An Exploration of the Experiences of Inter-racial Couples

Posted in Canada, Family/Parenting, Media Archive, Social Science on 2011-01-23 20:55Z by Steven

An Exploration of the Experiences of Inter-racial Couples

Canadian Journal of Family and Youth (Le Journal Canadien de Famille et de la Jeunesse)
Volume 1, Number 2 (2008)
pages 75-111
ISSN: 1718-9748

Temitope Oriola
Department of Sociology
University of Alberta, Alberta, Canada

This study utilizes in-depth interviews of five interracial heterosexual couples to explore how couples live, and re/de/construct their everyday lives within a multiethnic society. I examine how couples experience public spaces, negotiate their identities, raise biracial children and confront cultural differences. The study also investigates the process of acceptance of partners by couples’ respective families and the media representation of interracial relationships. This paper demonstrates that minority families are more likely to raise strong objections or resistance to their children marrying Whites. Another major finding of this study is that subjects experience gradual shifts in their identities and changes in their worldviews as a result of their relationships with their spouses regardless of whether they adopt a ‘colourblind’ or ‘colour-conscious’ approach. Subjects’ narratives are also laced with intermingling discourse of race and culture.

Introduction

More than most concepts, ‘race’ and its concomitant outcomes like racism, racialization and racial profiling have been subjects of intense debate by the academia and laity. Amid widespread issues of marginalization and inequality, it is easy to dismiss the ties that bind some members of the various groups—dominant or dominated—together. One of these is interracial intimacy like common-law heterosexual unions and marriages. Why do some individuals in spite of the ‘one drop of blood’ rule, widespread stereotypes, social (mis)construction of the Other, potential loss of privilege and historically entrenched and societally enforced boundaries cross the colour line when it comes to love and/or marriage? How do interracial couples negotiate their way in public spaces and raise biracial kids? What influence does their relationship have on their worldview and identities? How does society encompassing significant others like family, friends, neighbours, and the sea of unknown faces they encounter daily relate with them? How do interracial couples assess the representation of interracial unions on Canadian television? These are the questions this study attempted to explore through in-depth interviews conducted with five interracial couples in Canada between February and March, 2008.
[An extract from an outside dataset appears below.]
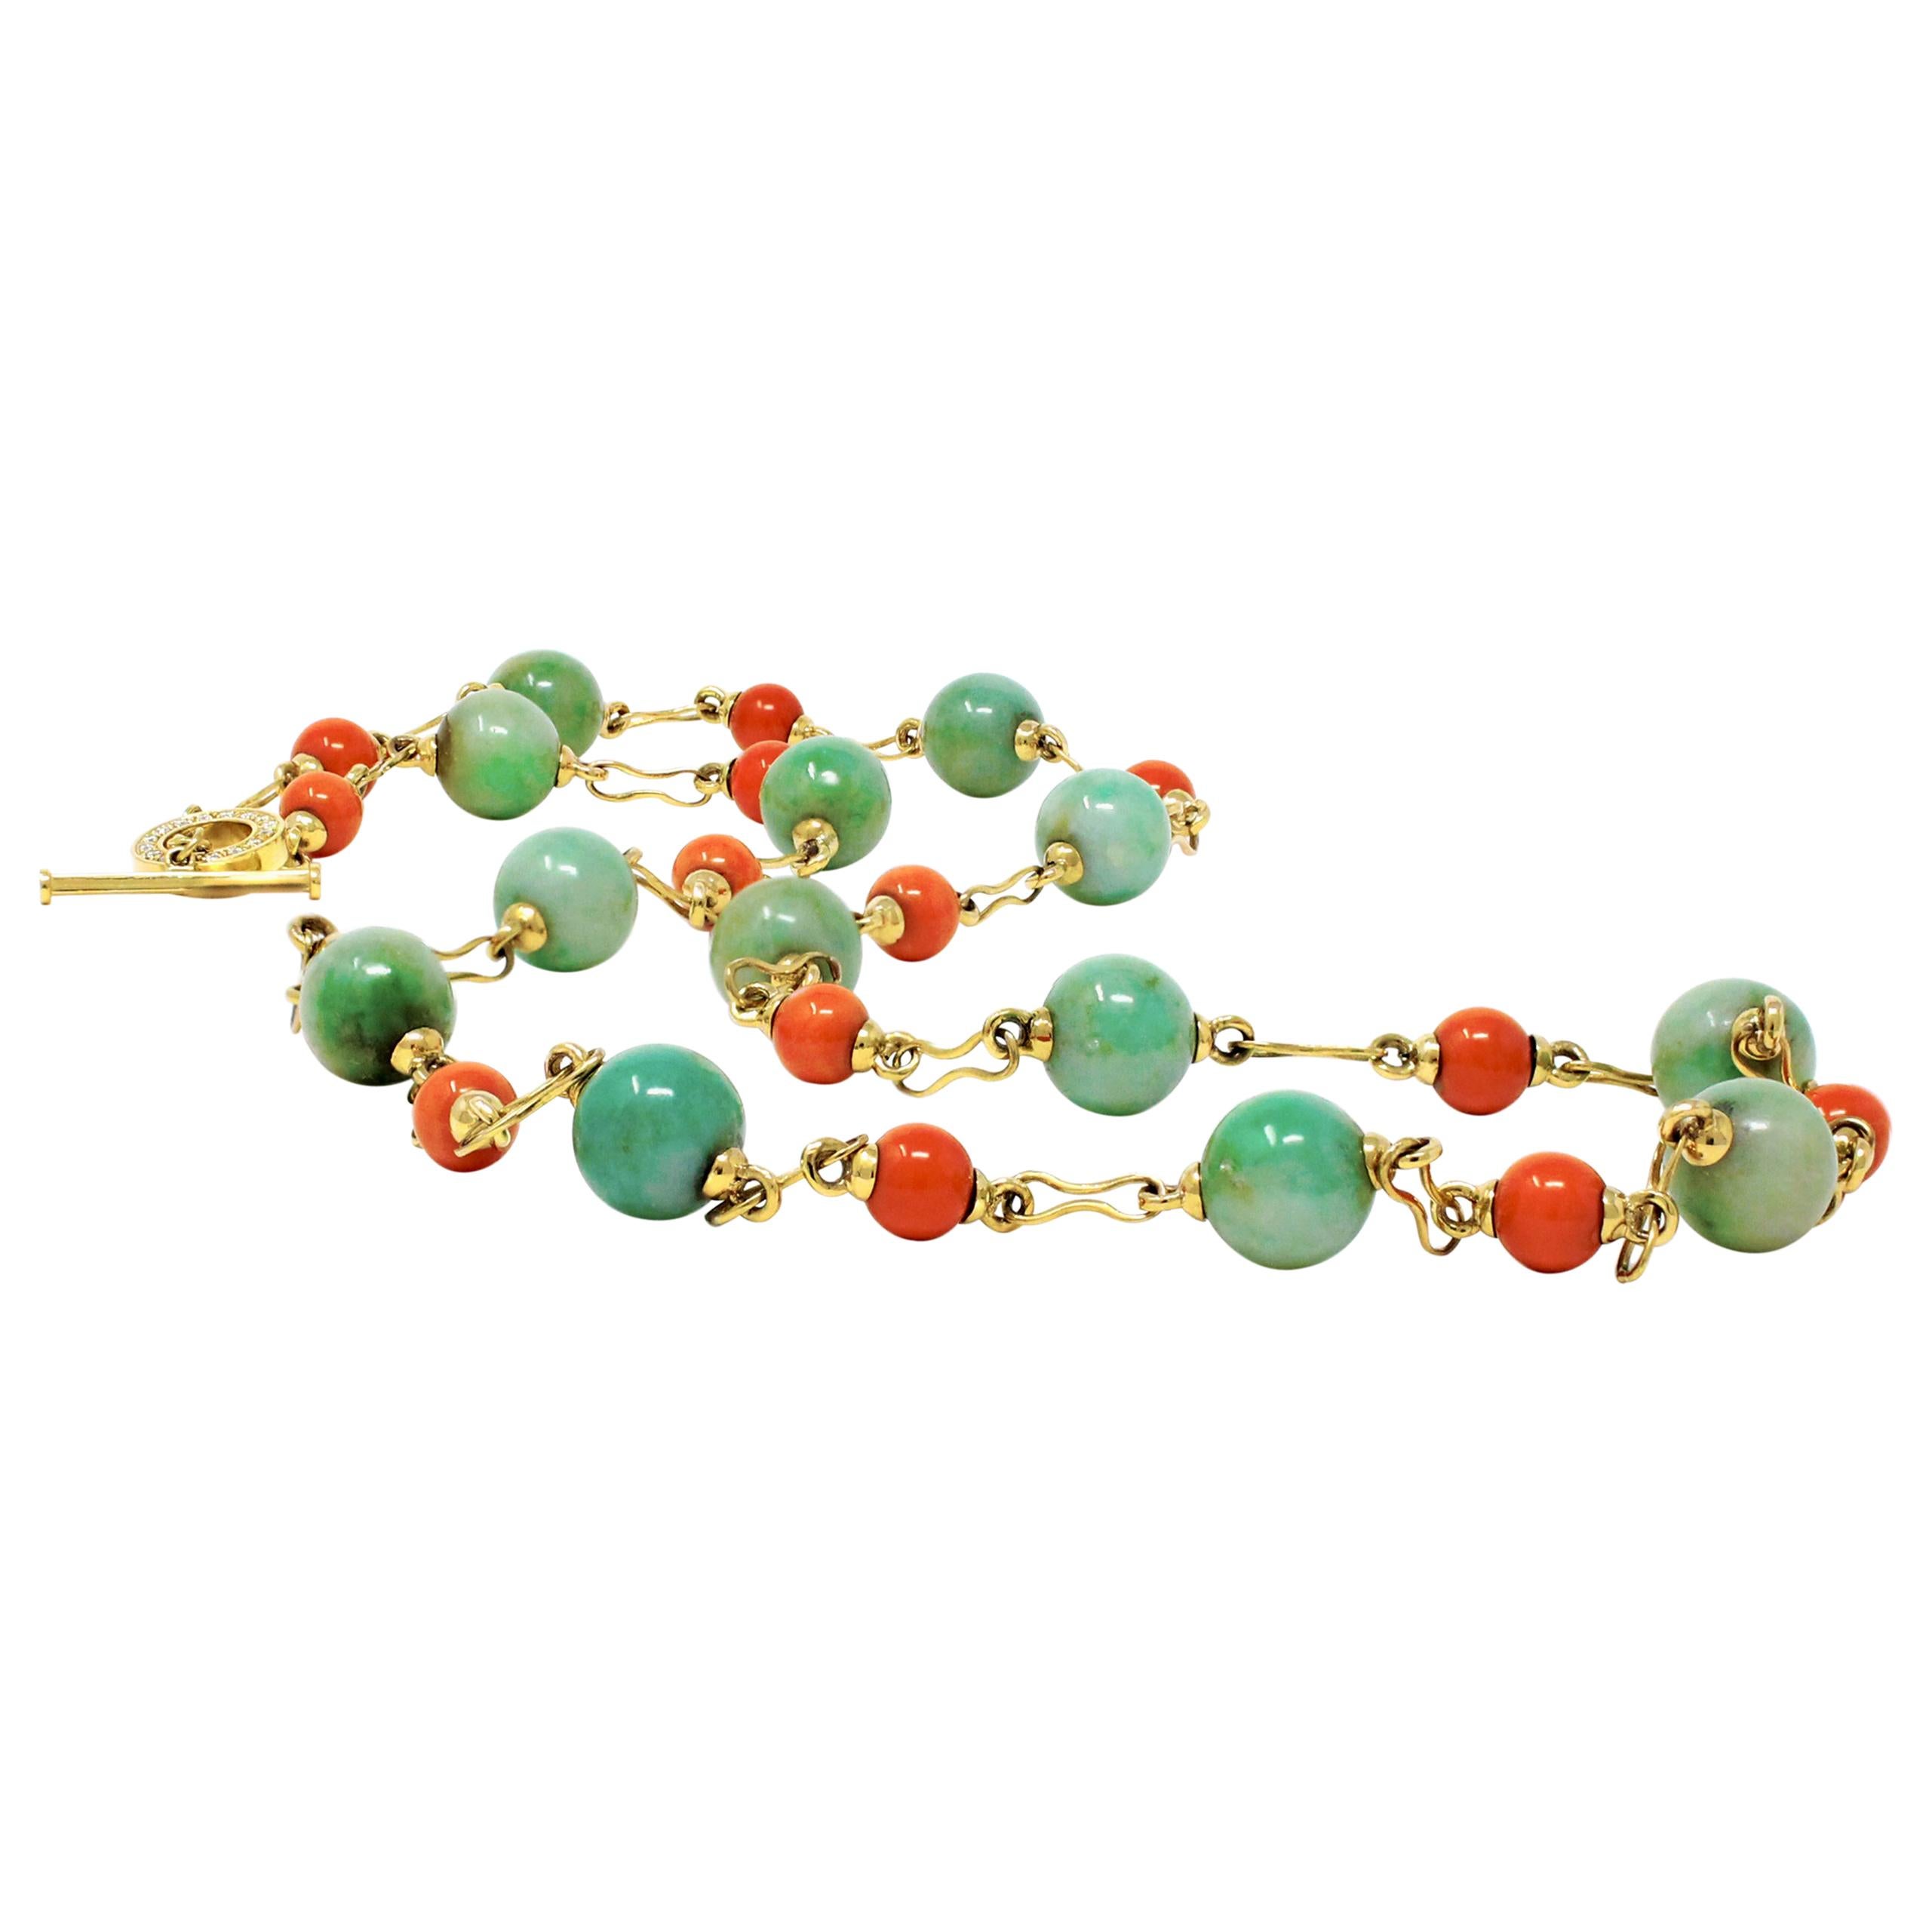 Coral and Jadeite Jade Station Necklace, 18 Karat Yellow Gold by Rosaria Varra

Integration and Social Construction of Interracial Unions

Most studies done on interracial unions are American or British in origin, even though Canada, compared to the United States, has a higher proportion of interracial couples (Milan and Hamm, 2004). There are, however, some Canadian studies on the unease over mixed race offspring from heterosexual relations between First Nations’ women and White men in British Colombia by Mawani (2002) and the experiences of White women involved with Black men by Deliovsky (2002). From issues such as the media representations of interracial relationships as aberration, events and/or spectacles Perry and Sutton, 2006) to the contestedness of the identity of children of interracial ouples (Barn and Harman, 2006), to why young, upwardly mobile and career-driven lack men ostensibly prefer White women regardless of class (Craig-Henderson, 2006) to short (melo-dramatic) autobiographical accounts of interracially-involved young eople (Alderman, 2007) to the making of ‘multiracials’ and the problematic of the intersticial space of mixedness (DaCosta, 2007), to the ironic and paradoxical contradiction of ‘talking Black, sleeping White’ among some activists in post-bellum United States (Romano, 2003); interracial relationships have come to stay as evidenced in the ‘proliferation’ of those called a myriad of names like ‘coloured’, ‘mulattoes,’ ‘halfcaste’ and ‘mixed race’ (Barn and Harman, 2006: 1314) but are still largely seen as problematic. There is an urgent need to fill the intriguing lacuna in the Canadian literature on the experiences of interracial couples…

…Data Analysis—Interviews

In this section, findings from the interviews with all five couples are presented under thematic issues. These include reaction of subjects’ families to their choice of spouses, experiences in public spaces, shifts in identities and changes in the worldview of subjects, concerns about the identities of their biracial children, experiences in public spaces and media representation. The results show how divergent subjects’ experiences were when they introduced their partners to their families, how they began to learn, adopt and adapt to otherwise ‘alien’ cultures, and what impact these have had on their identities. The results indicate that except in one case, minority families are generally reluctant to accept their children’s White partners. Subjects also opine that the medium of television and movies seldom cast couples that look like them preferring to depict more ‘conventional’ couples…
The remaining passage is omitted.